Earlier this year, Ring of Honor was creeping in on perhaps the buzziest ROH SuperCard of Honor yet - Cody Rhodes and Kenny Omega were finally set to clash after career-best years for both men, the Young Bucks were being featured in what was sure to be a instant-classic six-man ladder match, and the headline bout saw indie darlings Dalton Castle and Marty Scurll bringing their intense feud to completion with ROH's grandest prize at stake.

Fans were rightfully split. Even pro wrestling journalists were divided - at least until WWE promised major media outlets time with Triple H after the show, as a sort-of "you won't want to miss this" carrot on a stick.

Why would WWE make such an offer?

There's been an general understanding for years that WWE is too big to worry about the "small independents" (what it considers anything non-WWE). And when the company sensed that stalwart supporters might flip sides, it became terrified of losing that mainstream buzz which comes alongside outlets like Sports Illustrated, ESPN, Sporting News and Fox Sports; moreover, the company feared that such a move might finally just legitimize those "small independents." So it reacted.

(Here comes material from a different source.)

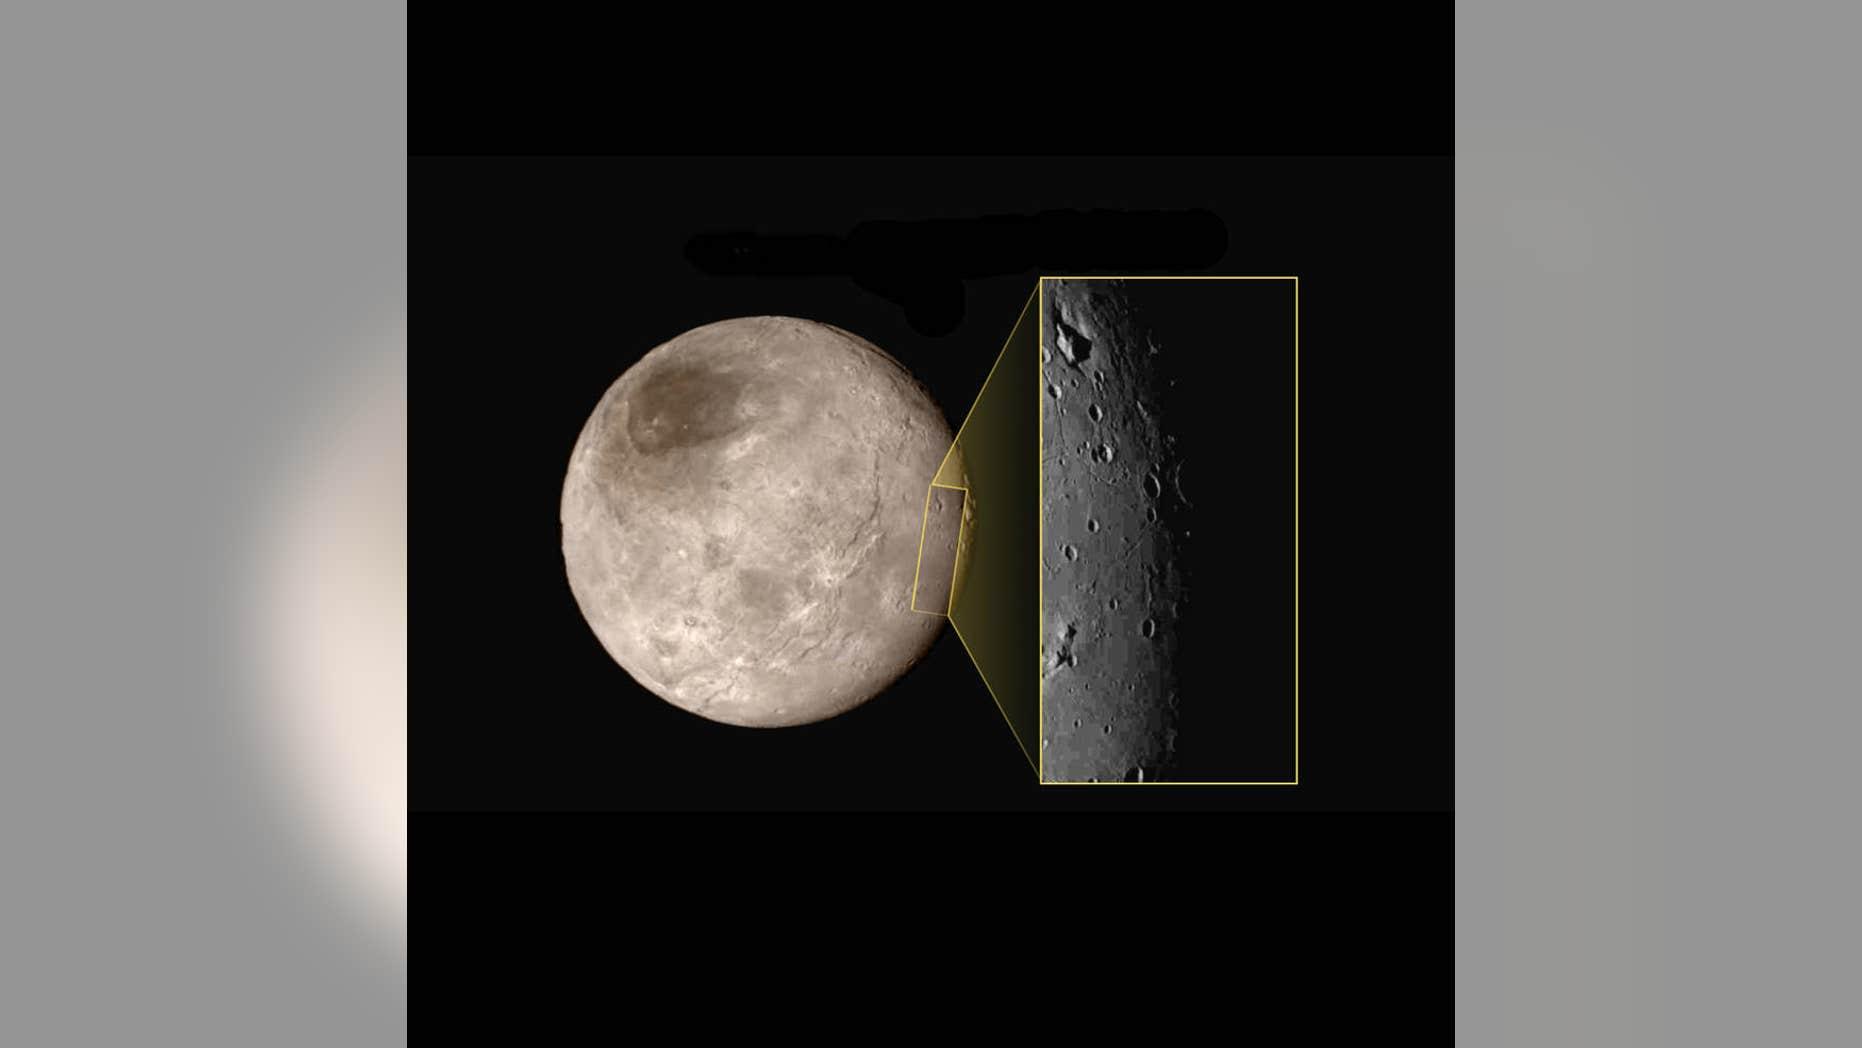 Charon Moon: NASA Releases Closeup Image Of Pluto's Moon Charon
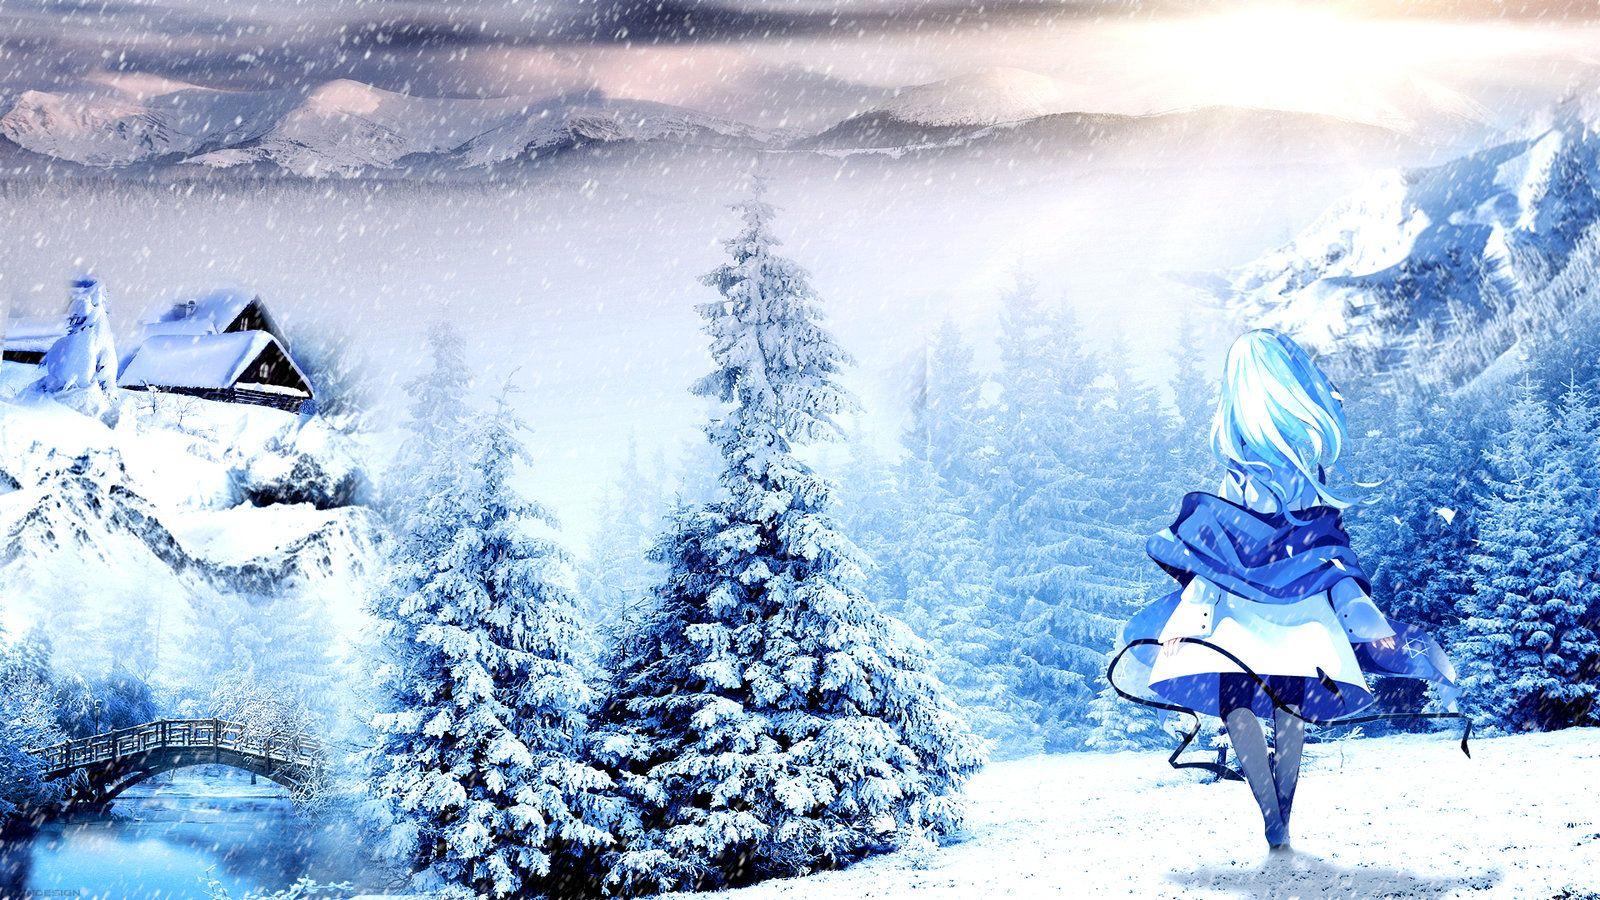 Anime Winter Wallpaper By Atndesign Winter Wallpaper Anime Wallpaper

For 2019, things look just as uncertain. Buzz surrounding Cody and The Young Buck's new promotion is reaching a fever-pitch, independent events are breaking attendance records, and stars are showing they're more committed than ever before to keeping their creative freedom by making it work outside of WWE.

It stands to reason, then, that NXT is moving nights so WWE can avoid sharing the spotlight with those indie guys who just took over WWE's historical home turf, Madison Square Garden. (If they truly don't care, then why did the company unsuccessfully target the ROH/NJPW supershow earlier this year?)

Now, WWE gets to strike first on Friday night. Then on Saturday, when fans and media alike pile into MSG for a night of wrestling action rather than through the often-bloated and rarely newsworthy WWE Hall of Fame ceremony, they can chalk it up to attendees simply picking a different KIND of show instead of picking the COMPETITOR'S show. All the while, WWE is able to keep that false-flag "we're not trying to kill the independent scene" narrative alive.

But in the same week that WWE RAW reached its lowest TV ratings in years (a critically-derided show penned by Vince McMahon, no less), a week where fans and media alike are taking WWE to task for overreaching UK contacts that essentially lets it snuff out a burgeoning overseas wrestling scene, and a week where one of the company's top stars teased signing with one of it biggest rivals...

It sure feels like this is WWE's first blink in the ongoing David vs Goliath game of chicken.